[Material supplied Boundary: Start]

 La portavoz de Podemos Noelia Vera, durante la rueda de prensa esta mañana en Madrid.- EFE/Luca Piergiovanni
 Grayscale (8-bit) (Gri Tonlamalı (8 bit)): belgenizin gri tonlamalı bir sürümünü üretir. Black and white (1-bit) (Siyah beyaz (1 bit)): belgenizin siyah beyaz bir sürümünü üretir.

[Material supplied Boundary: End]
[Material supplied Boundary: Start]

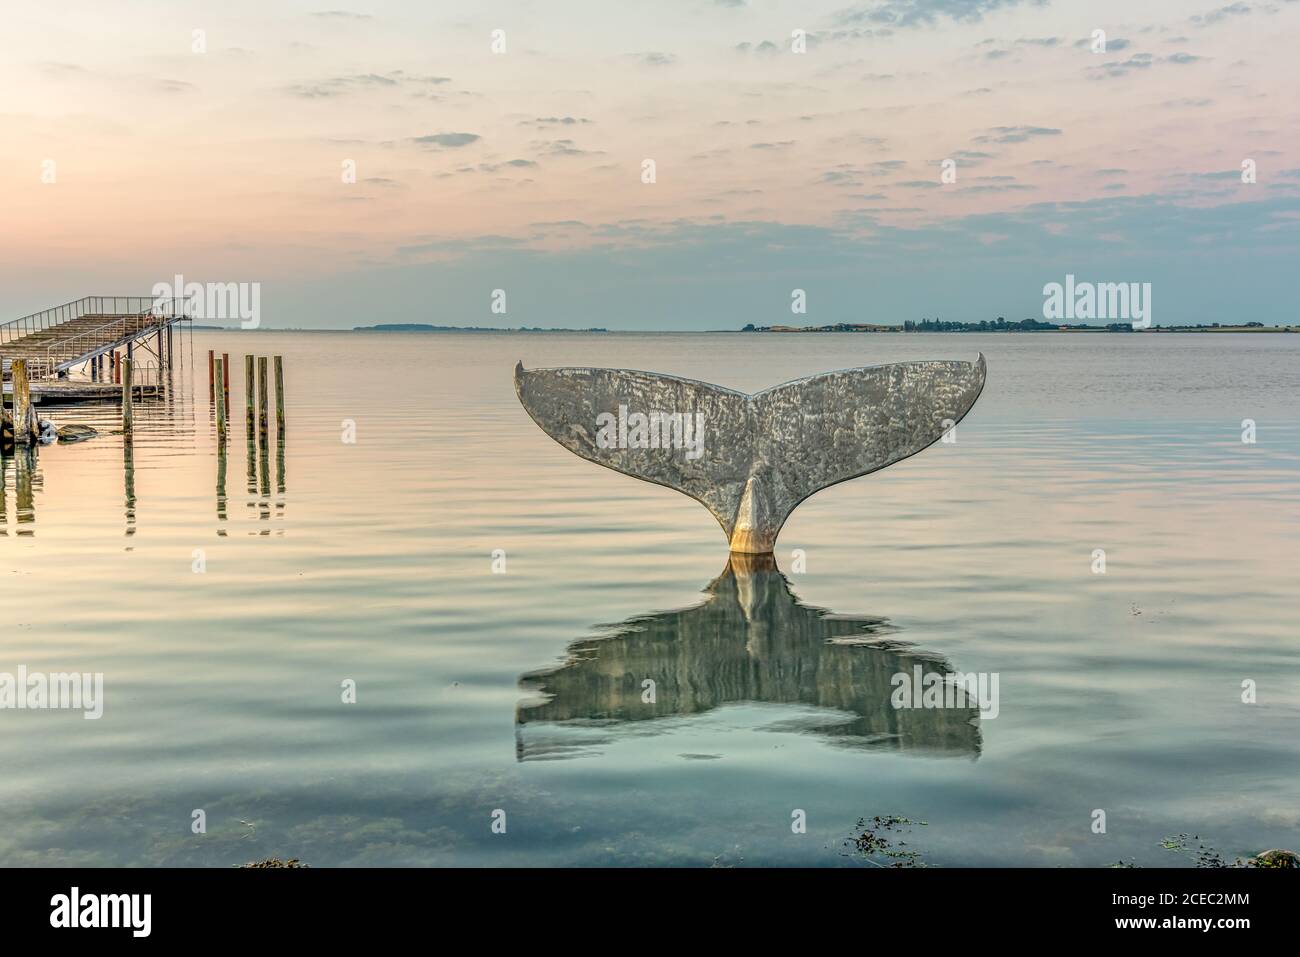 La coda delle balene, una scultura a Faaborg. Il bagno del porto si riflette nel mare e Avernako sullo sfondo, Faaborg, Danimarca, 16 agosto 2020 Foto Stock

[Material supplied Boundary: End]

Print exactly the lines above, between the one holding "La portavoz de" and the one holding "Grayscale (8-bit) (Gri", inclusive, and nothing besides.

» Answer to this task
 La portavoz de Podemos Noelia Vera, durante la rueda de prensa esta mañana en Madrid.- EFE/Luca Piergiovanni
 Grayscale (8-bit) (Gri Tonlamalı (8 bit)): belgenizin gri tonlamalı bir sürümünü üretir. Black and white (1-bit) (Siyah beyaz (1 bit)): belgenizin siyah beyaz bir sürümünü üretir.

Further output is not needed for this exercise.